**TASK DESCRIPTION:**
Each line of the data below between the one containing "Access Credit Card" and the one containing "sugar skull clipart", both included, is to be repeated exactly. Please omit pictures.

**EXERCISE MATERIALS:**
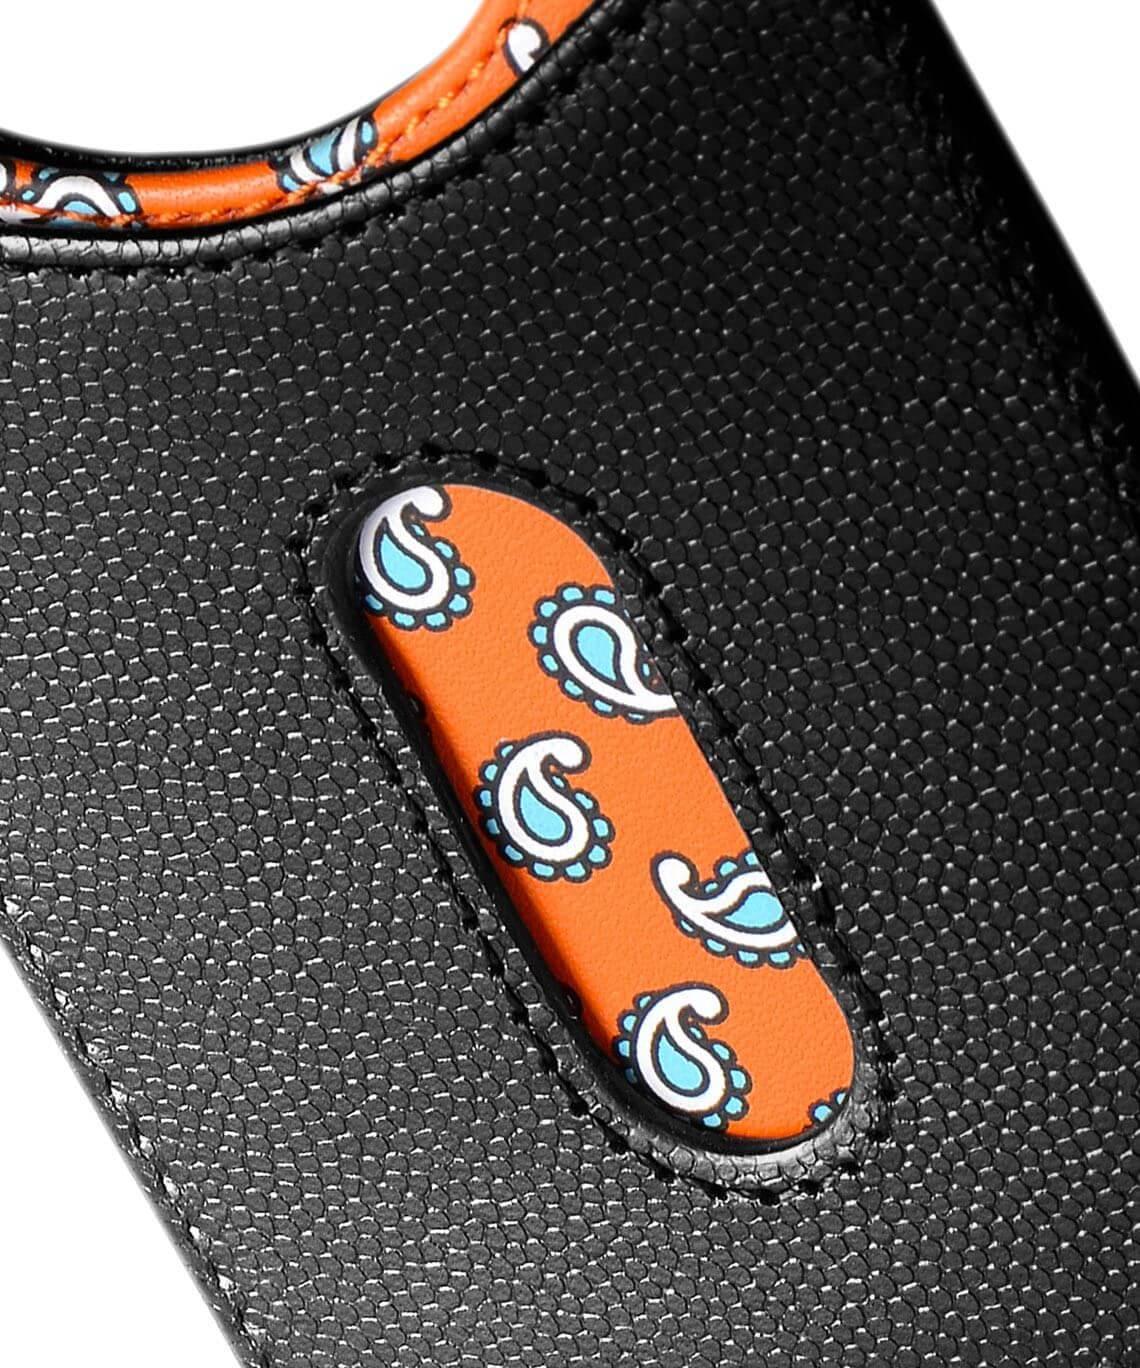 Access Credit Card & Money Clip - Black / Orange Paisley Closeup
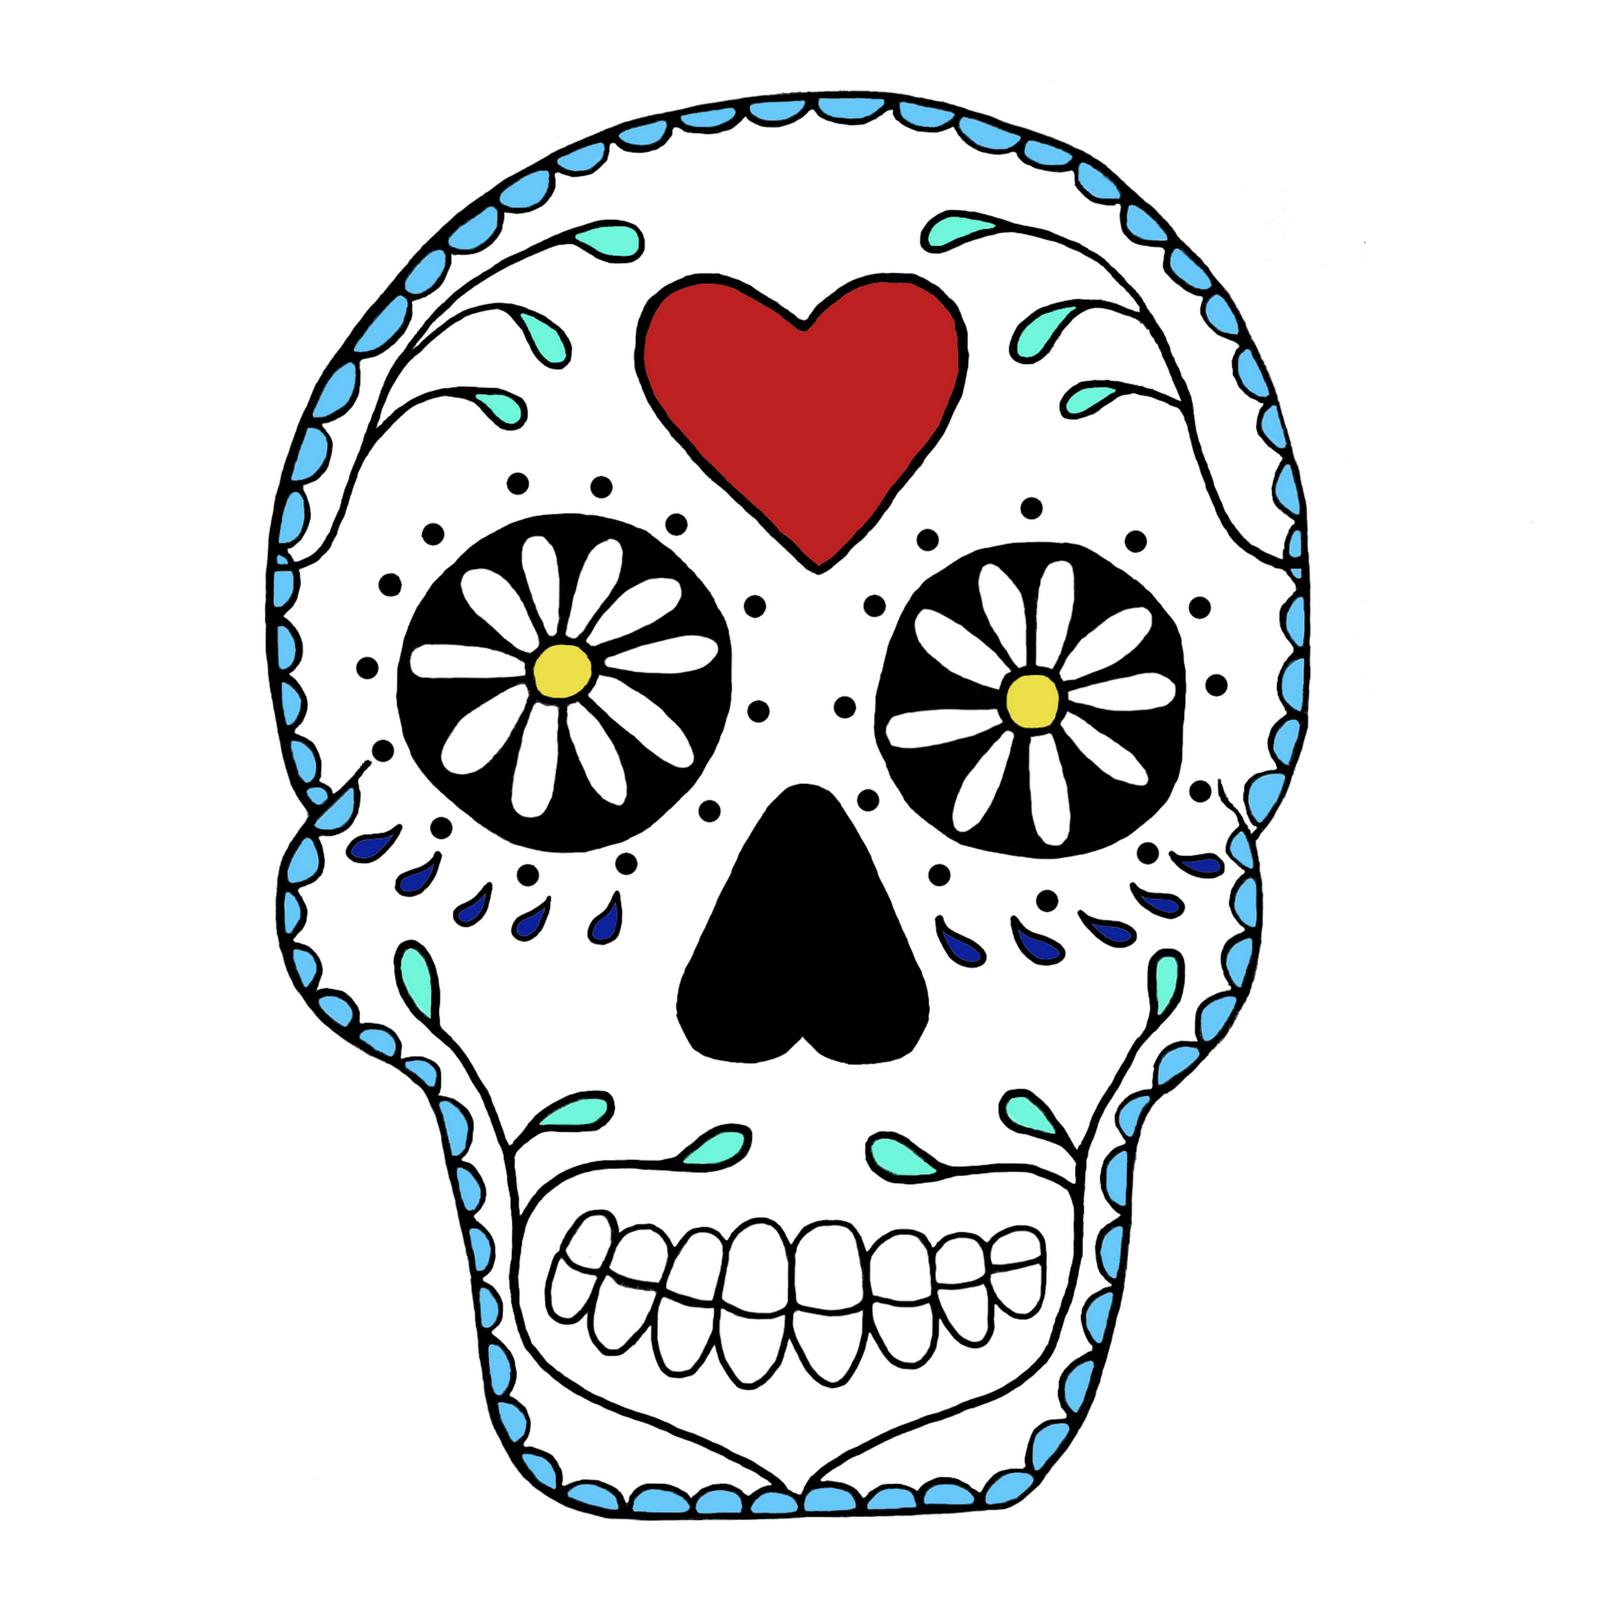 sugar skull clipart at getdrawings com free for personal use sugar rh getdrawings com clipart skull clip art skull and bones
* * *
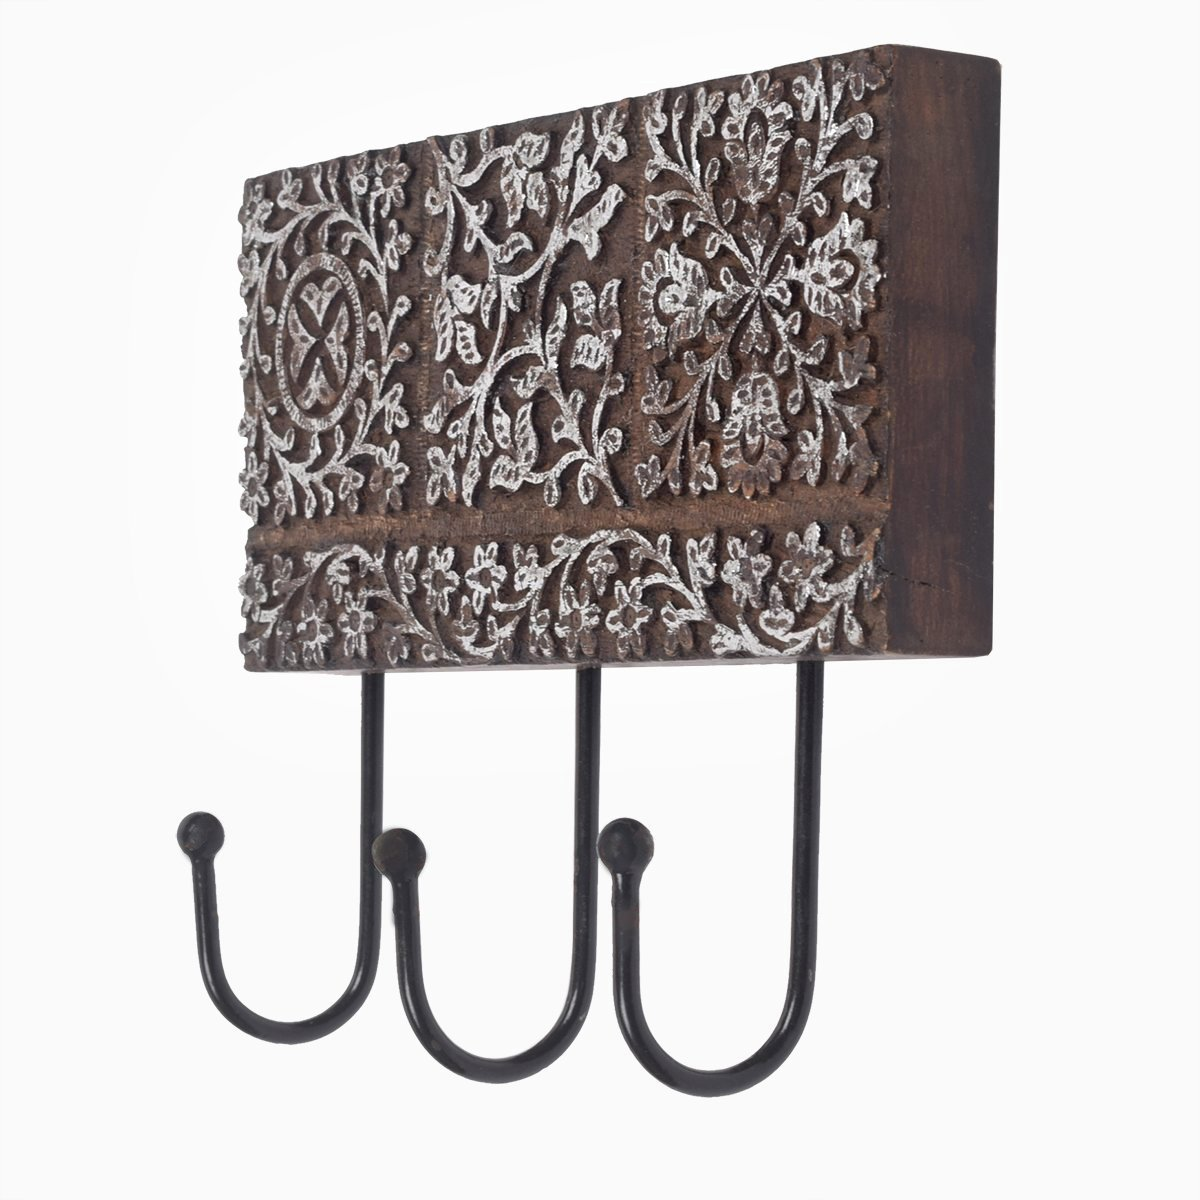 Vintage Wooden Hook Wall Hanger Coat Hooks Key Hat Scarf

**RESULT OF THE TASK:**
 Access Credit Card & Money Clip - Black / Orange Paisley Closeup
 sugar skull clipart at getdrawings com free for personal use sugar rh getdrawings com clipart skull clip art skull and bones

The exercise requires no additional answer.